By the late sixties and early seventies, Macalé was a solid name in the business, working mainly for other artists. He wrote songs, musical arrangements, assisted in production and recording, and organized everything concerning the musical direction of concerts and LP’s. Nevertheless, he sought to venture into a solo career; so, in 1970, he released a compact, titled Só Morto. Soon thereafter, now renowned singer-songwriter Caetano Veloso invited Macalé to record an album with him in the UK – together with other artists –, and Macalé accepted. Macalé worked as a musical director for Caetano Veloso, but when the album, titled Transa, was released in 1972, Macalé became extremely resentful after discovering his name was not in the credits.
When the bitterness was over, Macalé returned to Brazil and started working in his first full-length album. The eponymous Jards Macalé – an album containing nine tracks – was released in the same year as Transa, by Caetano Veloso, in 1972, Macalé also worked with the same musicians, Lanny Gordin and Tutty Moreno.
In the following years, Macalé also achieved moderate prominence as a soundtrack composer for films and theater plays; he is occasionally employed as an actor by some of the productions for which the music he signed the score.
Besta Fera, his most recent release, is an excellent and genuinely Brazilian masterpiece. The album has twelve tracks: 1) Vampiro de Copacabana; 2) Besta Fera; 3) Trevas; 4) Buraco da Consolação; 5) Pacto de Sangue; 6) Obstáculos; 7) Meu Amor Meu e Cansaço; 8) Tempo e Contratempo; 9) Peixe; 10) Longo Caminho do Sol; 11) Limite; 12) Valor; while this album delivers some of the more general trends that were always present in popular Brazilian music, the peculiar style of Jards Macalé is decidedly authorial and intrinsically singular. His creative sensibilities playfully disperses the harmonies among the volatile dissolutions of his soft, somewhat jazzy and fragmented melodies.

With some Bossa Nova and neoclassical elements subtlety incorporated into the dispersive and elegant structure of his music, the style of Jards Macalé is widely impregnated with the glorious, refined and exotic tonalities of sixties Brazilian music. The fourth track, Buraco da Consolação, transmits perfectly the gracious sensibilities of this peculiar type of musical atmosphere, that displays a delicate, placid and surreal tenacity, whose latent, but soft and imponderable melodies undoubtedly revitalizes the sonorous past references of a country whose high culture was definitely at the peak of its splendor.
Pacto de Sangue has a vivacious and graciously urban rhythm, whose playful guitar lines redefines the melodies over the renitent beauty of its exotic and charismatic charm.

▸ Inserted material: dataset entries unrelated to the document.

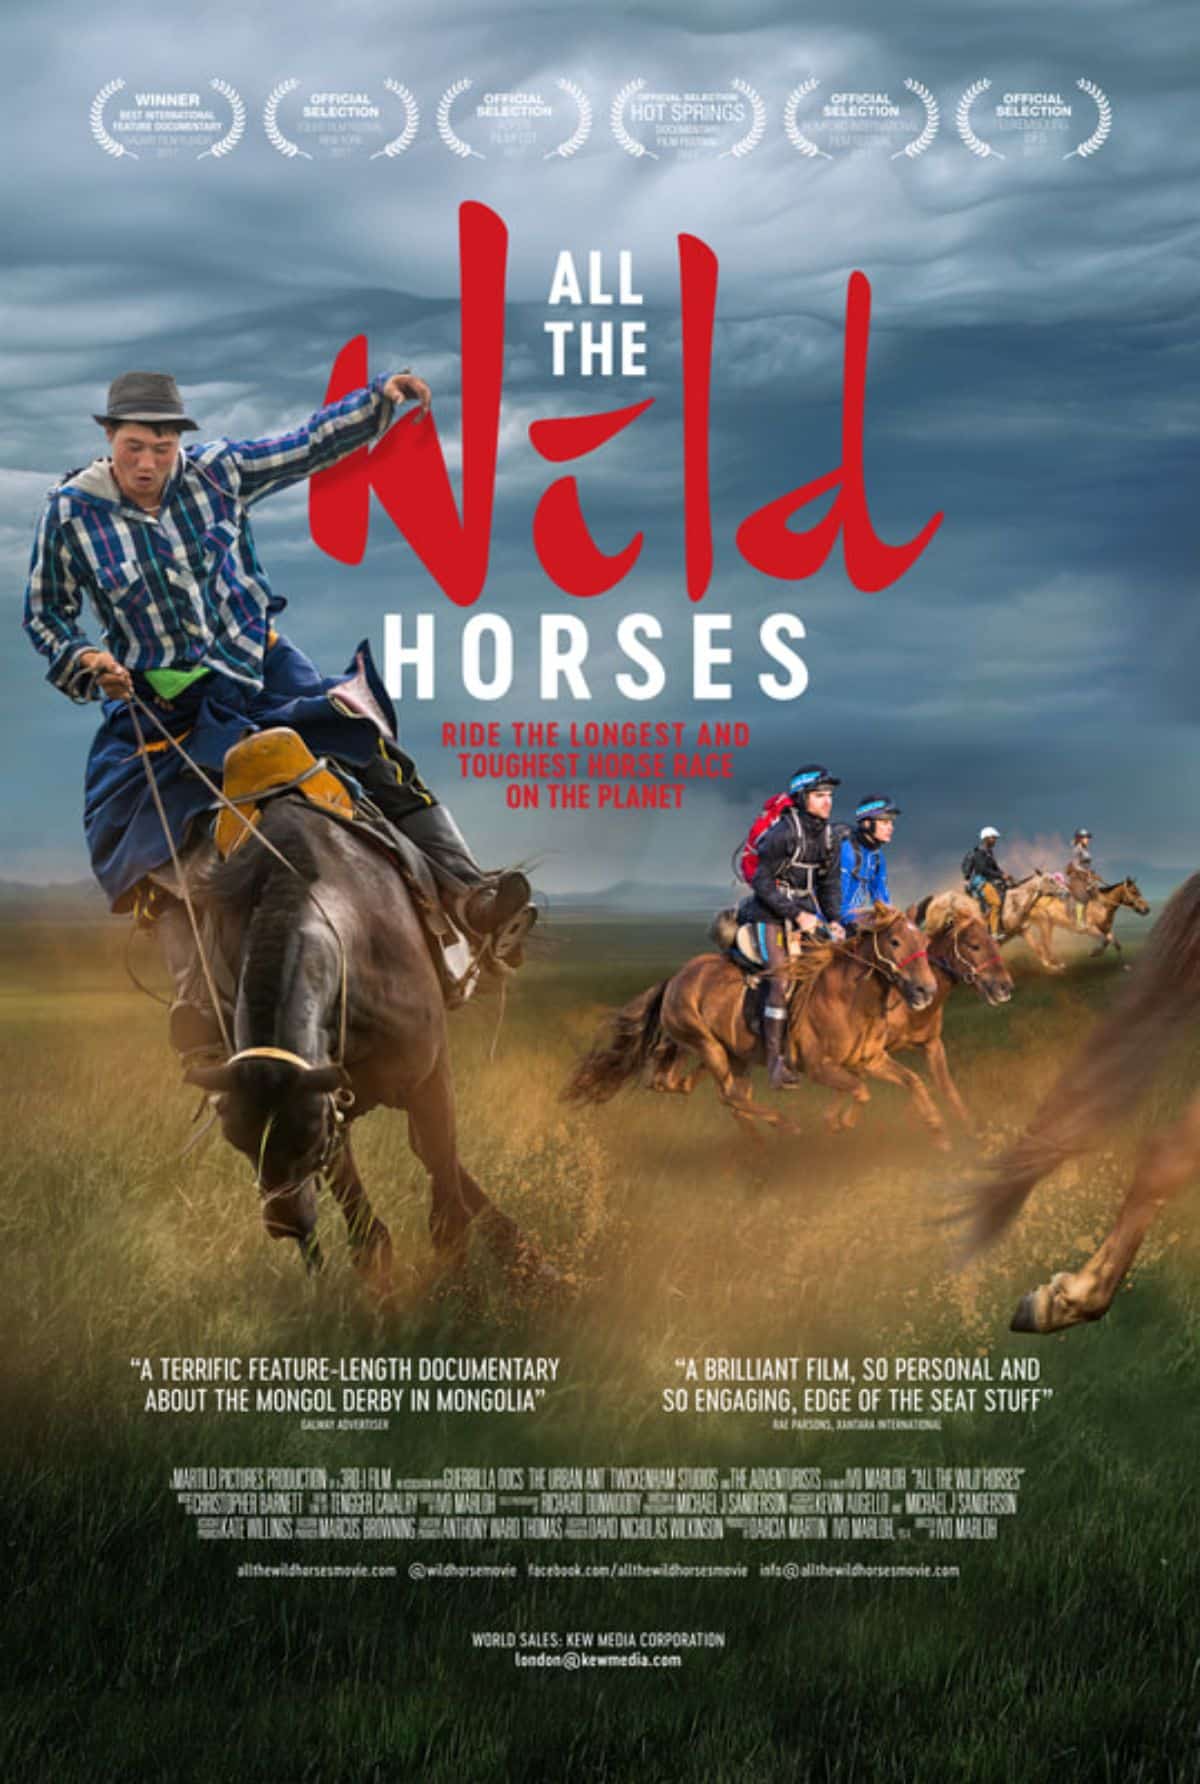 All the Wild Horses poster.
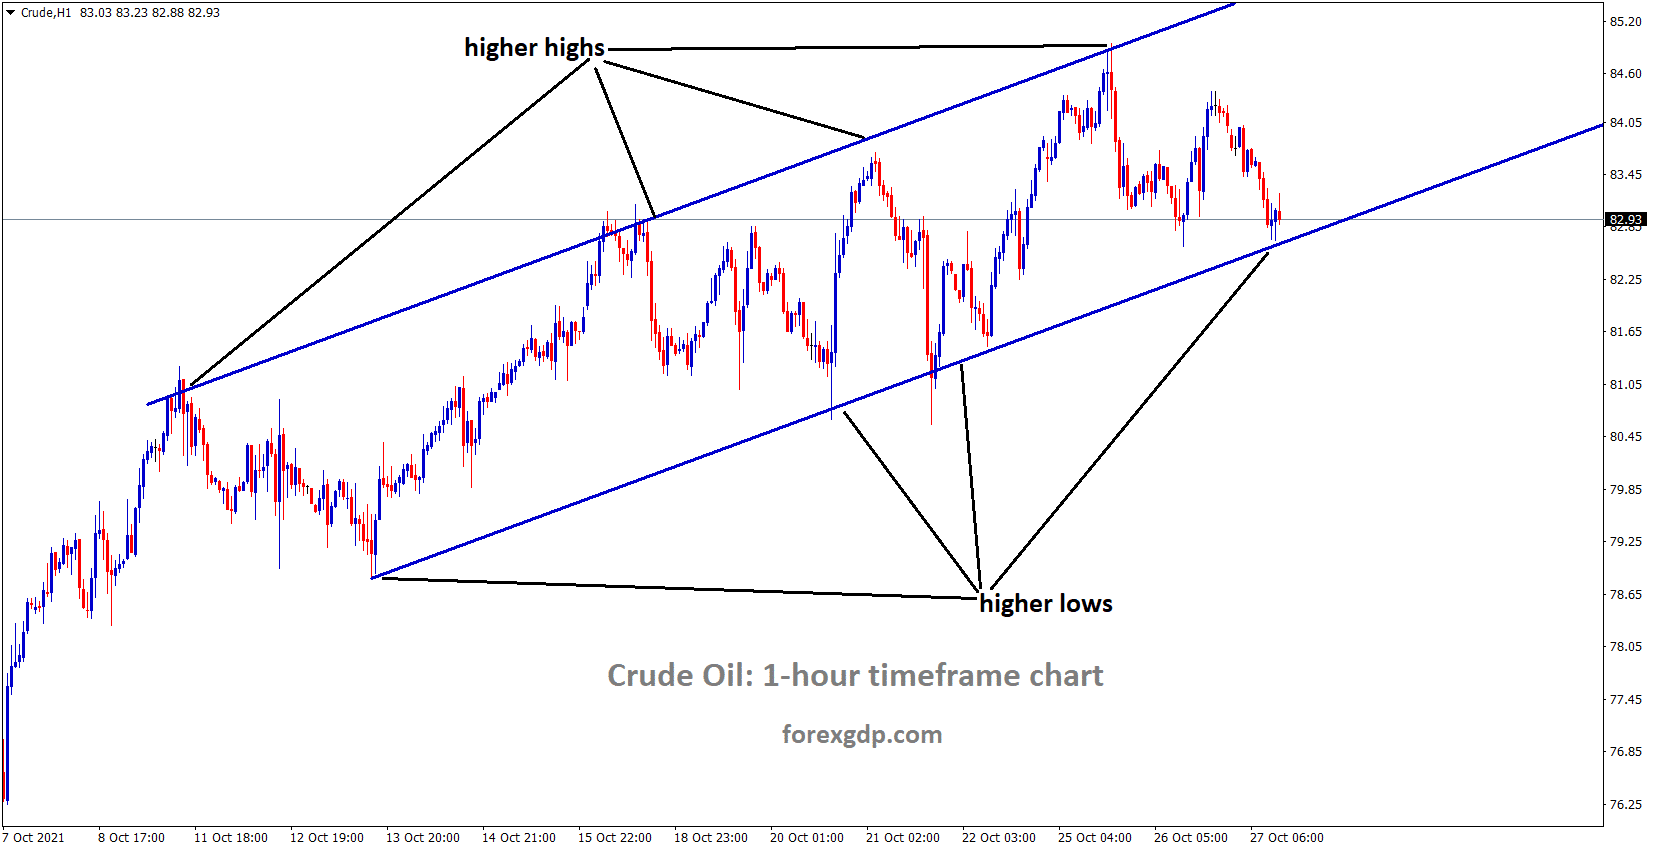 Crudeoil is moving in an ascending channel and the market is standing at the higher low area of Ascending trendline.
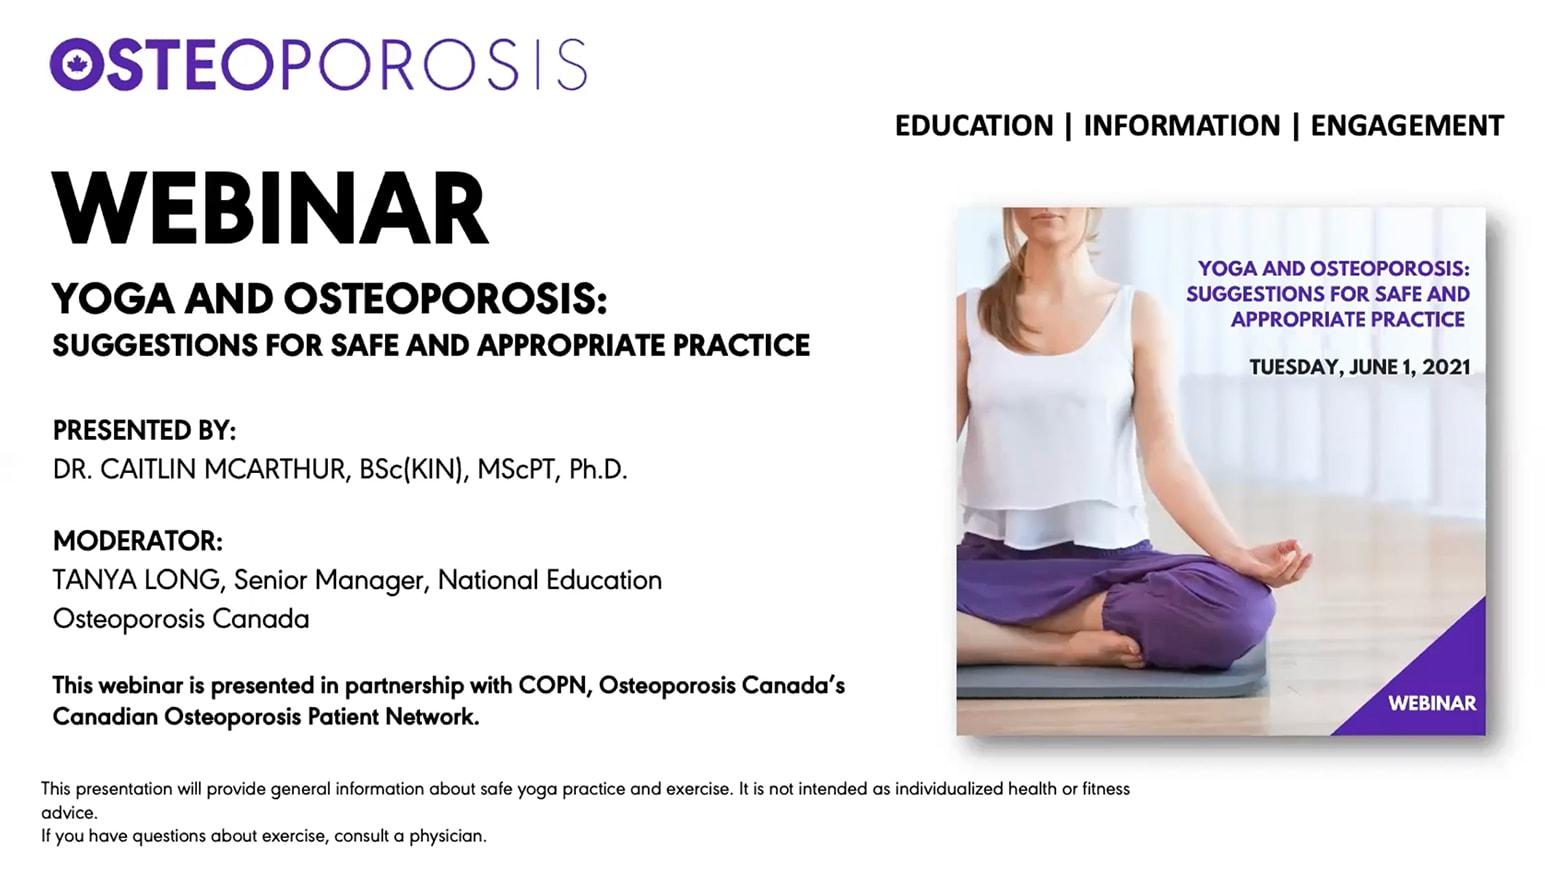 Yoga and Osteoporosis: Suggestions for Safe and Appropriate Practice
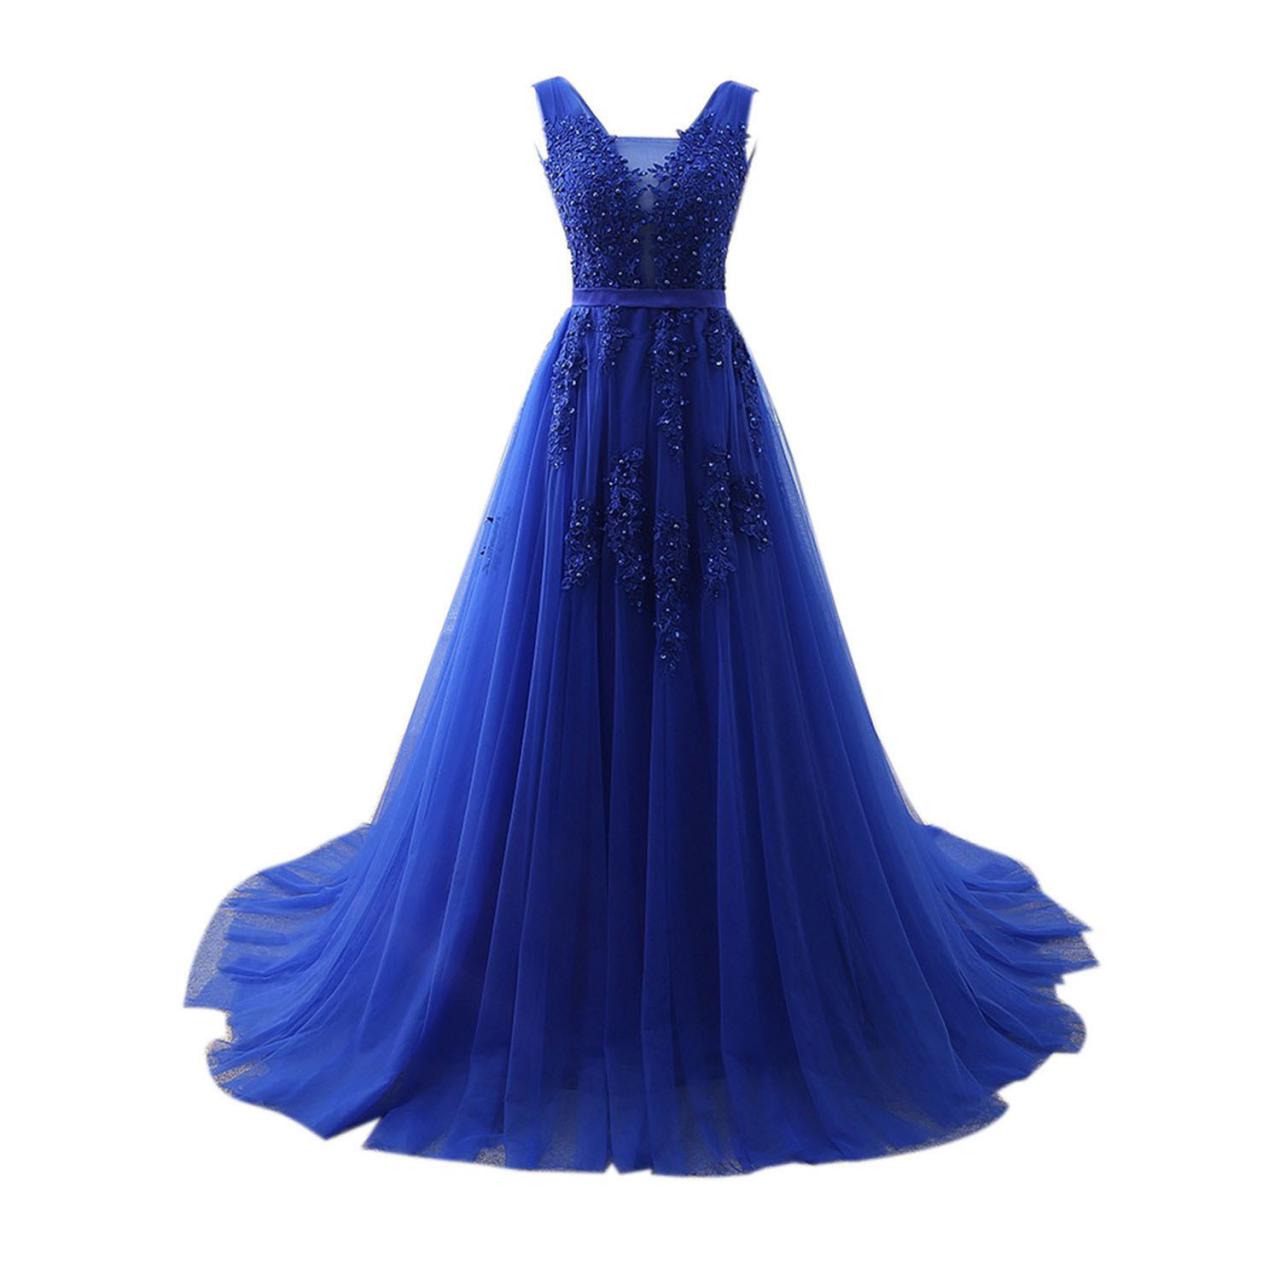 V Neck Royal Blue Long Pageant Dress Evening Gown With Beads Decor
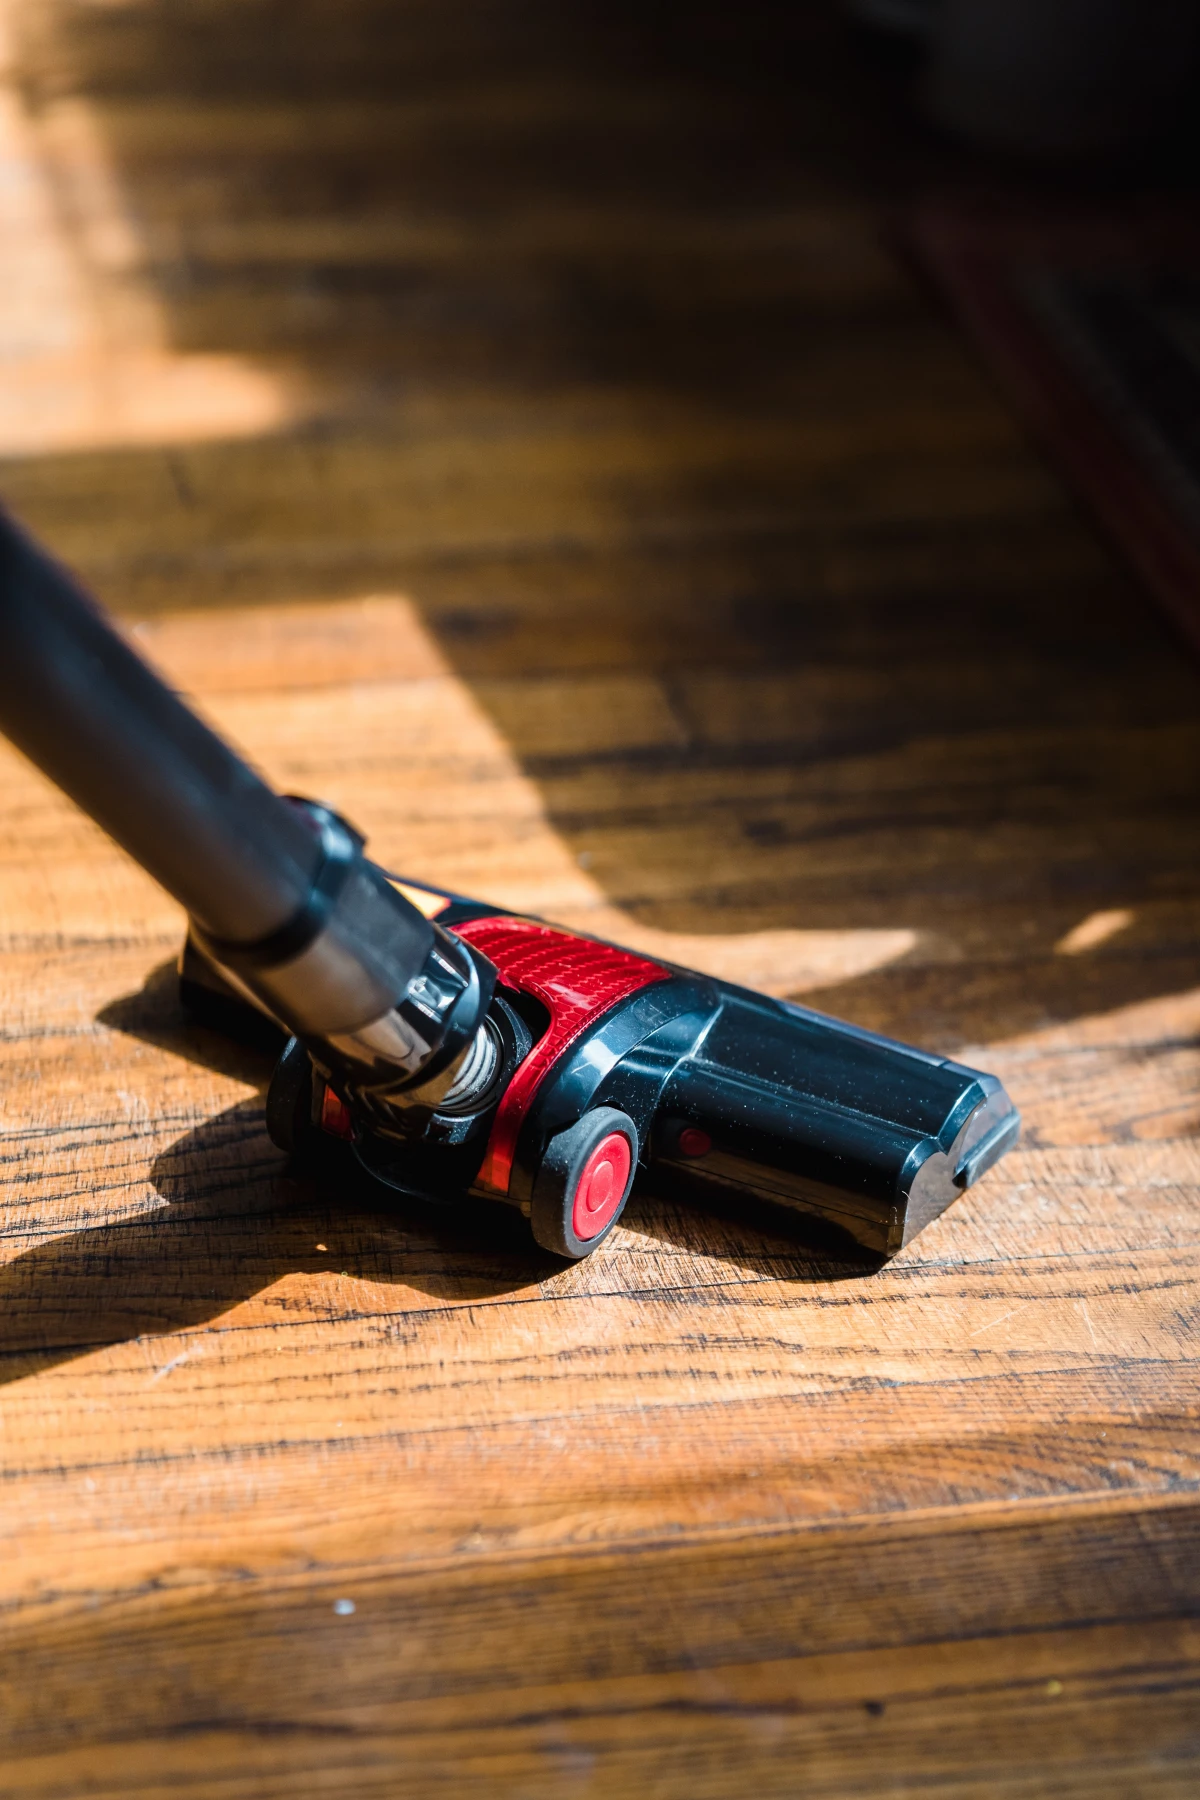 mopping mistakes vacuuming on wooden floor

Obstáculos – with a relatively melancholic and somber atmosphere –, seems to acknowledge and project the exasperating shadows of a dying afternoon, that slowly dilutes into the vague and evasive underworld of a lugubrious life, that seems resented with the tragedy of its pale and lethargic existence.
Meu Amor Meu e Cansaço – with sensationally vivid and splendorous musical overtones that dilates the tenacity of its resigned and serene stagnant graciousness –, displays a poetic sensibility that not only understands the lucidity of its cautiously sculpted and restrained melodies, but contemplates the fugacious contempt of an everlasting disillusion, that will be forever impregnated into the consciousness of the soul.
Other songs, like Peixe, with its tender, humane and calmly smooth, captivating melody, Longo Caminho do Sol, with its fantastic choir of wonderful and amazingly tuned female voices, and Limite, with its poetic and melancholic atmosphere, sidelined by distant, despondent and dissonant guitar lines, are also wonderfully splendid tracks, that genuinely brings on the strength of its formidably consistent essence an exceptional degree of artistry.
All in all, the whole album is fantastic, beautiful and full of a genuine artistic essence, whose soul is definitely shaped over a vortex of magnificent grandiosity.
The way the artist explores sound textures and beautiful harmonies departing from guitar lines conceives a conjuncture of wonderfully creative cantilenas, that irradiates a graceful mosaic of melodies, that detaches its colorful horizons of dense and vivid serenity from the realistic depictions of a tender and sometimes despondent portrait of dramatically pungent sentimental tonalities. Evidently, Besta Fera is an album that aggregates a marvelous conjuncture of undeniable qualities to contemporary Brazilian music.